Your job with the data below is to output exactly the lines from the one holding "of Chinese tourists" down to the one holding "Relax Club Chair", both included, and no others.

[Records provided]:
━━━━━━━━━━━━━━━━

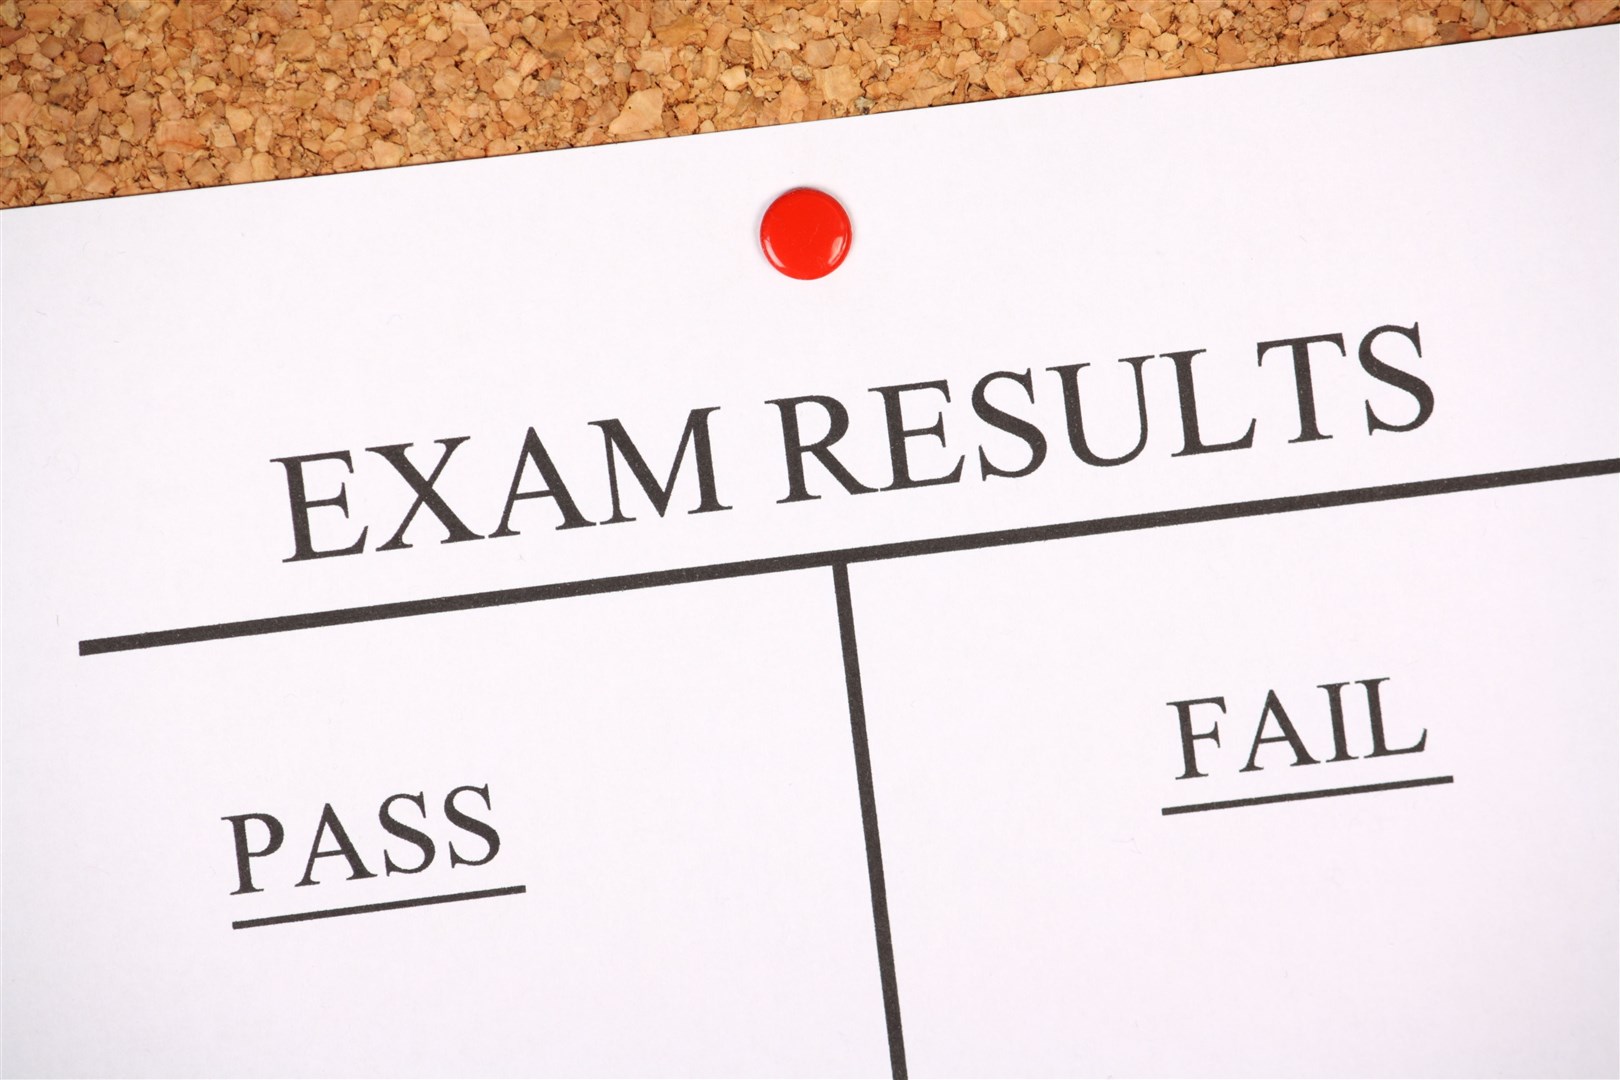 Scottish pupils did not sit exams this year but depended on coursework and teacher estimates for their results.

━━━━━━━━━━━━━━━━

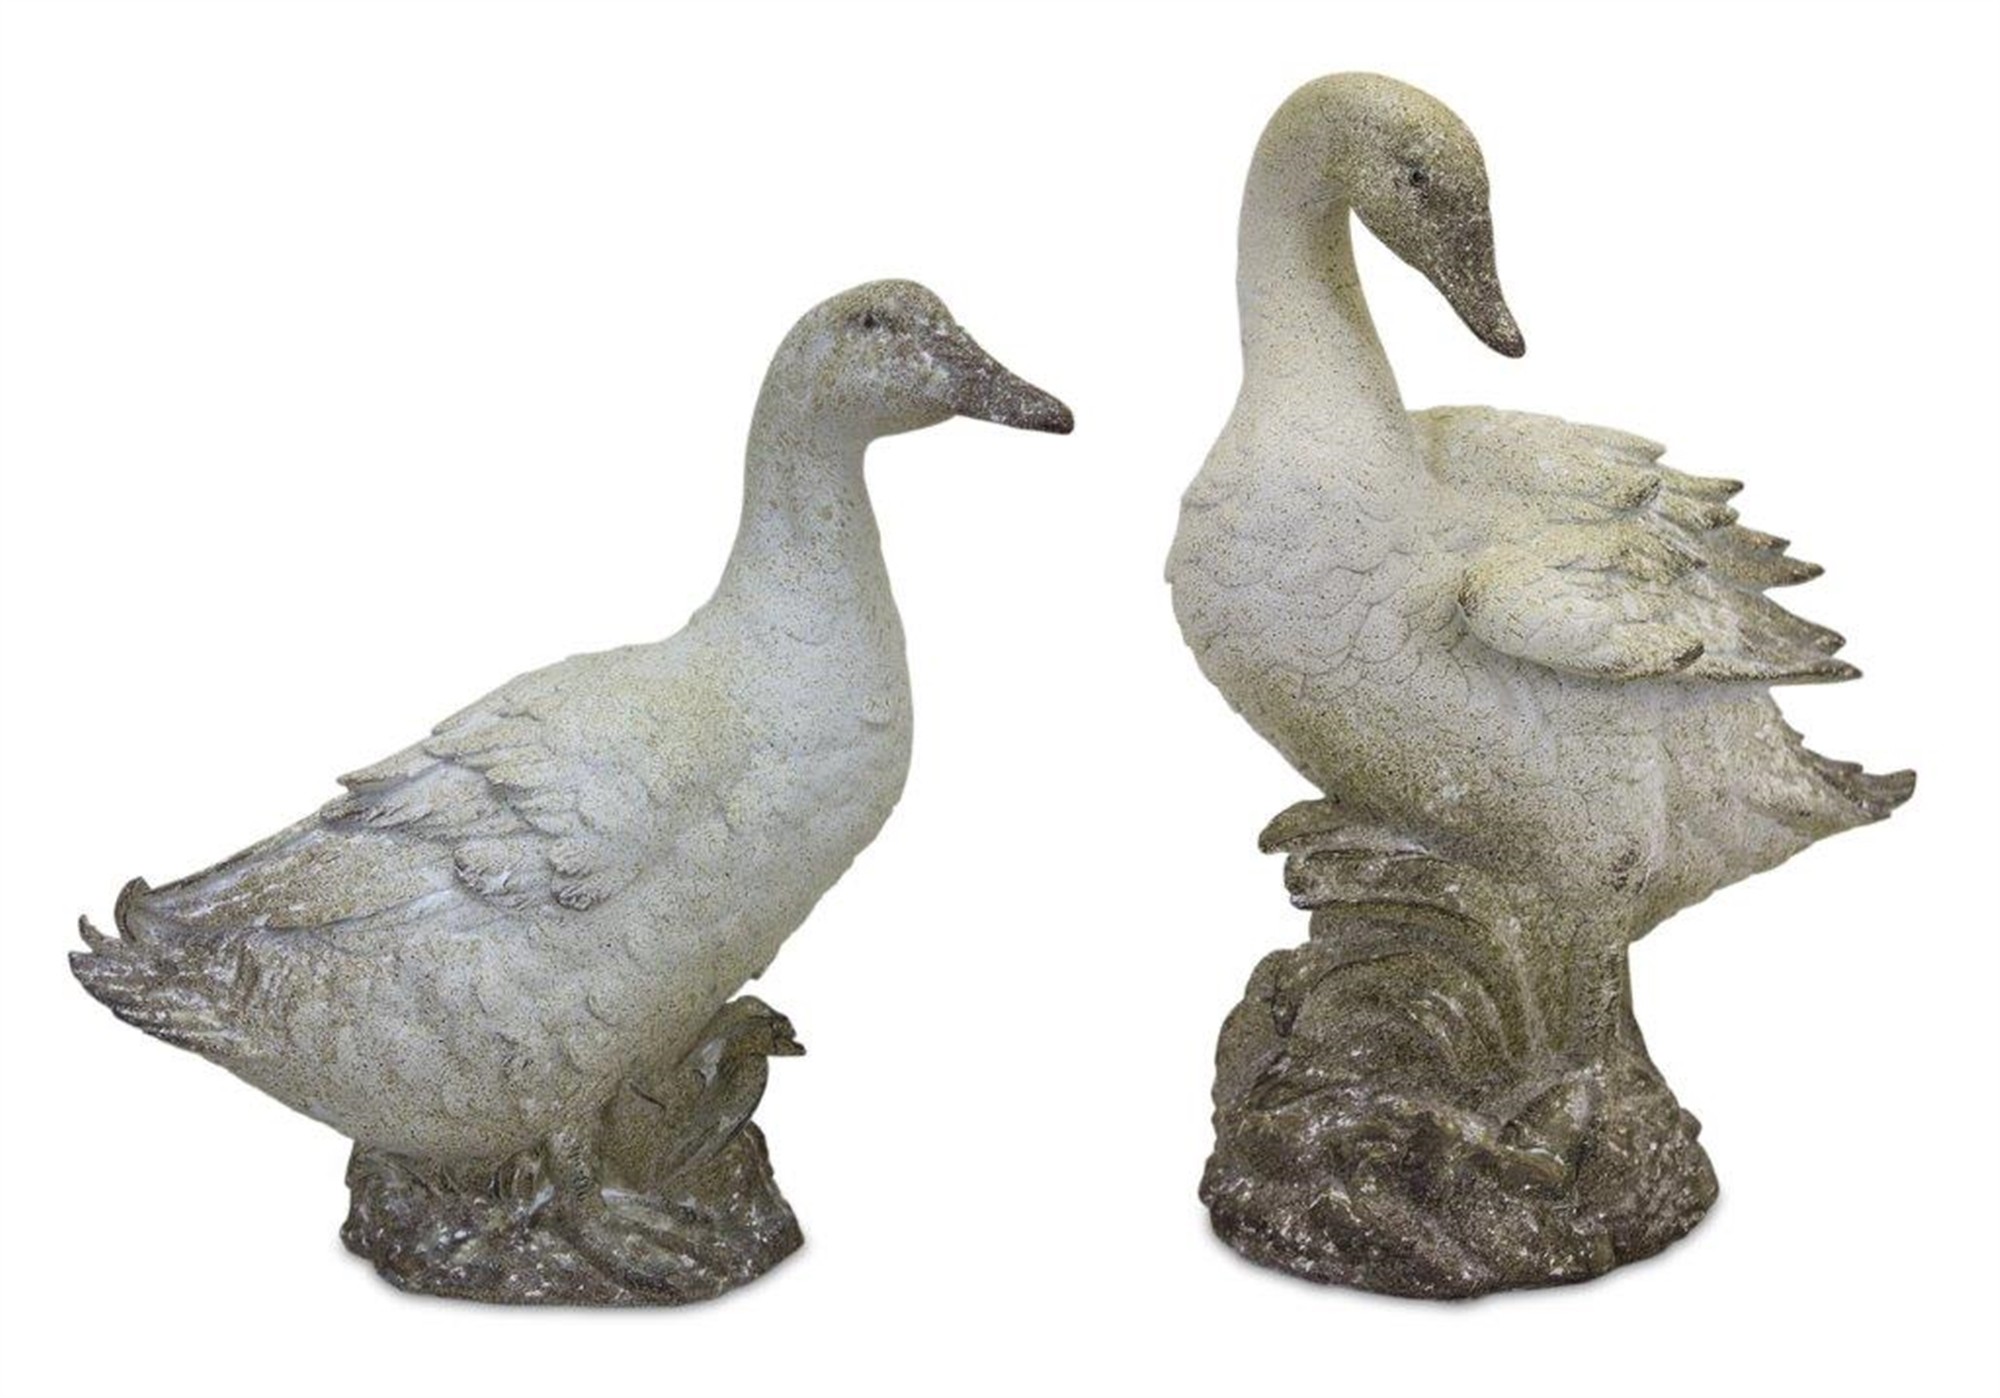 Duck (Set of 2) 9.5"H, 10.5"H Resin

━━━━━━━━━━━━━━━━

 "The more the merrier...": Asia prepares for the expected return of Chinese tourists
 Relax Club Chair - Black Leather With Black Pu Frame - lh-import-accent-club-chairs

━━━━━━━━━━━━━━━━

[Exercise response]:
 "The more the merrier...": Asia prepares for the expected return of Chinese tourists
 Relax Club Chair - Black Leather With Black Pu Frame - lh-import-accent-club-chairs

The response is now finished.